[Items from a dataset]
▶

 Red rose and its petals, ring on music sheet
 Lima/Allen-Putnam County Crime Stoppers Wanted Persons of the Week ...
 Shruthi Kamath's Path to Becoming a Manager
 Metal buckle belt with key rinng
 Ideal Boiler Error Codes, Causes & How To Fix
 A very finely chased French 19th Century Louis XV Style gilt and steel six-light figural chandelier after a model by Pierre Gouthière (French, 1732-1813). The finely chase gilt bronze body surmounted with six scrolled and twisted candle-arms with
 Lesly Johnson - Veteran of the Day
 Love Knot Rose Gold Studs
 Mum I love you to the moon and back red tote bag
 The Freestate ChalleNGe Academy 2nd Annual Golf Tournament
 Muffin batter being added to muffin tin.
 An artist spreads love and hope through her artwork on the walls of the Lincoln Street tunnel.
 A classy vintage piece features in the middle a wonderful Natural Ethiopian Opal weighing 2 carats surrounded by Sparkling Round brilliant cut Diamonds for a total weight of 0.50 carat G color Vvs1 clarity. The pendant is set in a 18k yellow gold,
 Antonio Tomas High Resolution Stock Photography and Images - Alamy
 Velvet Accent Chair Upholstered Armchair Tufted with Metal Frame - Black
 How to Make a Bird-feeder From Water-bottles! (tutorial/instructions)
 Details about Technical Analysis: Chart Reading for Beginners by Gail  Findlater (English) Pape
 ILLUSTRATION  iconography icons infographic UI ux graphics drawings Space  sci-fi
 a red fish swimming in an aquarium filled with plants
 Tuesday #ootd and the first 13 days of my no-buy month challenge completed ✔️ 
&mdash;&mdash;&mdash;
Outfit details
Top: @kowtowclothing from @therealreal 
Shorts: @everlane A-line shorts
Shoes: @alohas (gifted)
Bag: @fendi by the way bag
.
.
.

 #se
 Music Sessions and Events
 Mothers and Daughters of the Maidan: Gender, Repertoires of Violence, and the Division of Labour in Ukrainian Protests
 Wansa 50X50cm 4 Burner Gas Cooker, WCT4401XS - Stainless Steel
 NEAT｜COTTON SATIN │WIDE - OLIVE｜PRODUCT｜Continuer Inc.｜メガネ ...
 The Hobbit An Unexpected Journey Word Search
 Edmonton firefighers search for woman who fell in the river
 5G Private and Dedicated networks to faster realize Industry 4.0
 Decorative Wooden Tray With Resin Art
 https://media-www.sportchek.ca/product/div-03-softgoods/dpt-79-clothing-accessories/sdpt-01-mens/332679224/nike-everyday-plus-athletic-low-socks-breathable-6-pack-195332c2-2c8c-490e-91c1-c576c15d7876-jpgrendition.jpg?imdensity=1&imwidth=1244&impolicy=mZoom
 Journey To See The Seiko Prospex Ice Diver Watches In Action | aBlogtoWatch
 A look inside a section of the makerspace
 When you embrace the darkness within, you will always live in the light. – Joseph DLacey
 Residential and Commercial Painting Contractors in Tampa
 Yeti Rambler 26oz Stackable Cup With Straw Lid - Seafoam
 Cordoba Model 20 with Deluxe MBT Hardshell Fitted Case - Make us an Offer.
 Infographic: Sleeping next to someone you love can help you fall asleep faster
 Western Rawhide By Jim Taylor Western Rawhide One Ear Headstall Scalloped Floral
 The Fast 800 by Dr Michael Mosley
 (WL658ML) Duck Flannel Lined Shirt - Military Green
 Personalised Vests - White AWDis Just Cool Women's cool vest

◀

* [Directions for this task]: Reproduce only the lines above spanning from the line containing "Shorts: @everlane A-line shorts" through the line containing "Decorative Wooden Tray With Resin Art", word for word.

* [Response box]:
Shorts: @everlane A-line shorts
Shoes: @alohas (gifted)
Bag: @fendi by the way bag
.
.
.

 #se
 Music Sessions and Events
 Mothers and Daughters of the Maidan: Gender, Repertoires of Violence, and the Division of Labour in Ukrainian Protests
 Wansa 50X50cm 4 Burner Gas Cooker, WCT4401XS - Stainless Steel
 NEAT｜COTTON SATIN │WIDE - OLIVE｜PRODUCT｜Continuer Inc.｜メガネ ...
 The Hobbit An Unexpected Journey Word Search
 Edmonton firefighers search for woman who fell in the river
 5G Private and Dedicated networks to faster realize Industry 4.0
 Decorative Wooden Tray With Resin Art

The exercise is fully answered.